Sarebbe troppo facile considerare quest’album alla luce dei drammatici fatti precedenti la sua pubblicazione, c’è sempre il rischio di “cagare fuori dalla tazza”, soprattutto considerando che l’autore delle canzoni di questo “From a Basement on the Hill” non c’è più. All’incirca un anno fa un velo di mistero contribuiva ad aumentare ancora di più il dolore per la morte di Elliott Smith, un artista mai troppo considerato nonostante abbia al suo attivo alcuni tra i più bei dischi di canzoni d’autore degli anni ’90, una sensibilità fortissima che lo accomuna – per lo meno idealmente – ad artisti tormentati e misteriosamente magnifici come Tim Buckley e Nick Drake, che, come Elliott anni dopo, non sono riusciti a fare totalmente i conti con le loro paure e i loro sogni e sono stati sconfitti. Da tutto.

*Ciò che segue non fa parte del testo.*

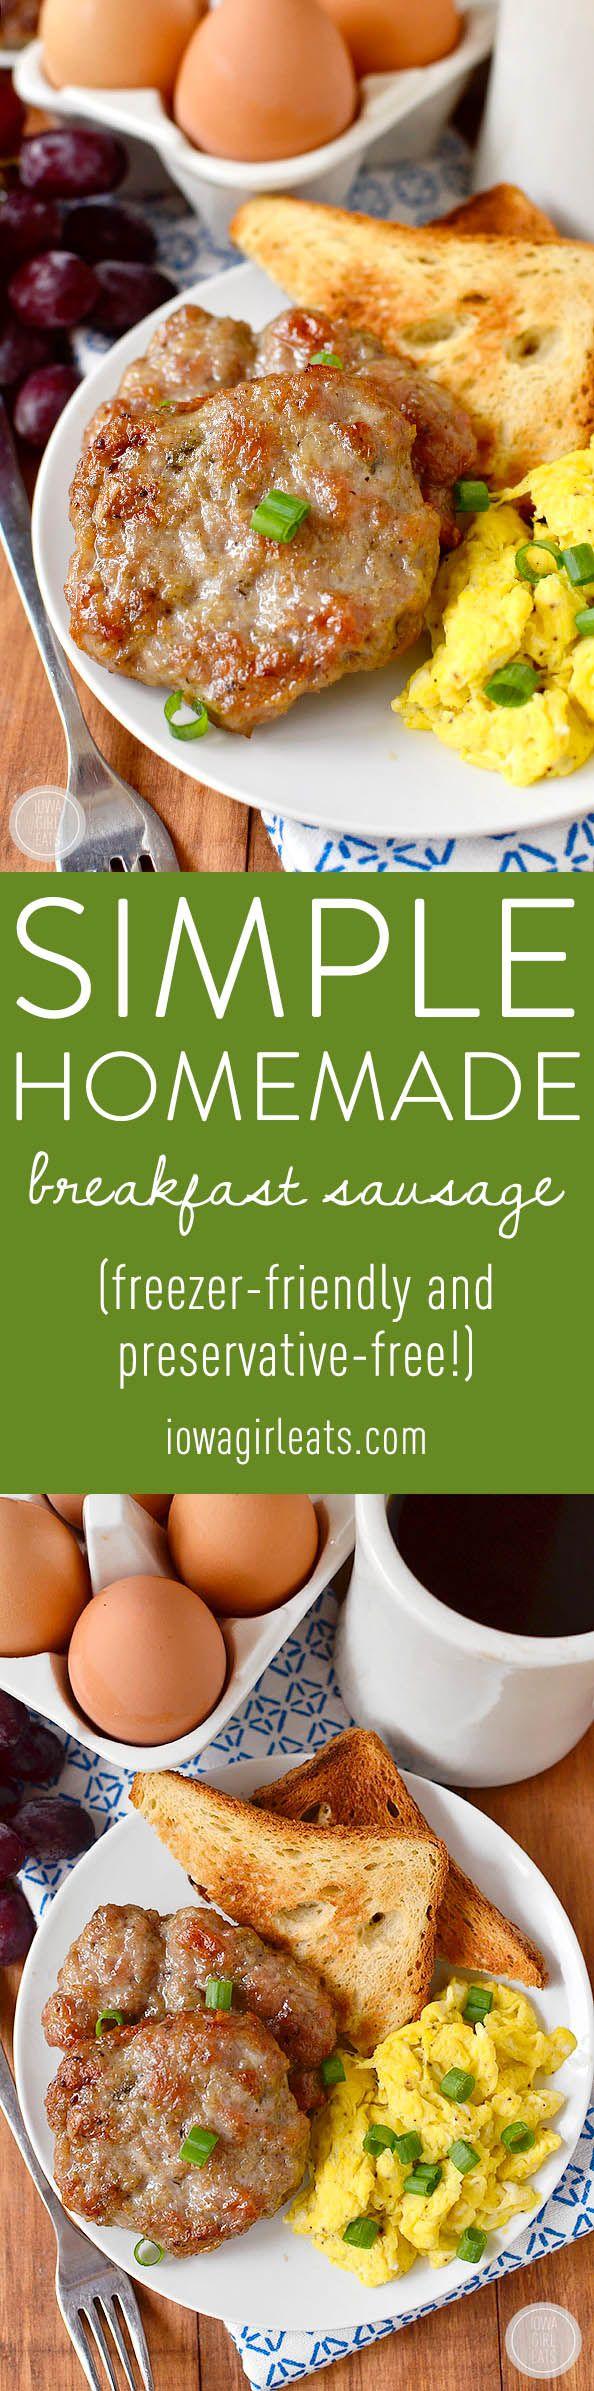 Old fashioned breakfast sausage recipe 1

Ma cosa volete farci… probabilmente il giudizio sarà superiore agli effettivi meriti – questo lo sapremo solo fra qualche anno – ma adesso come adesso, ci sentiamo consapevoli di amare alla follia “From a Basement on the Hill”, il sesto disco in studio di quell’anima fragile, un disco che doveva nascere, forse non nella forma che oggi conosciamo ma che certamente non lo accomuna a tutte le vigliaccate postume di mamma Buckley e dell’entourage di Drake e soci. Forse è addirittura il suo disco migliore, quello con le canzoni più dolorose e pungenti, più piegate sull’autore e con più scarna verità. Testi che graffiano e una voce che commuove, arrangiamenti a metà tra il pop, il rock e il folk che non fanno altro che esaltare la visceralità delle parole.
Sono 15 canzoni che descrivono nella sua totalità un uomo sconfitto, una qualità ed un’onestà imbarazzante che rende questo disco di una bellezza indicibile e che, siamo certi, si fa poco influenzare da fattori extra musicali. Almeno non qui. Almeno non ora. Uno dei dischi più belli dell’anno e una delle raccolte di canzoni più toccanti degli ultimi anni.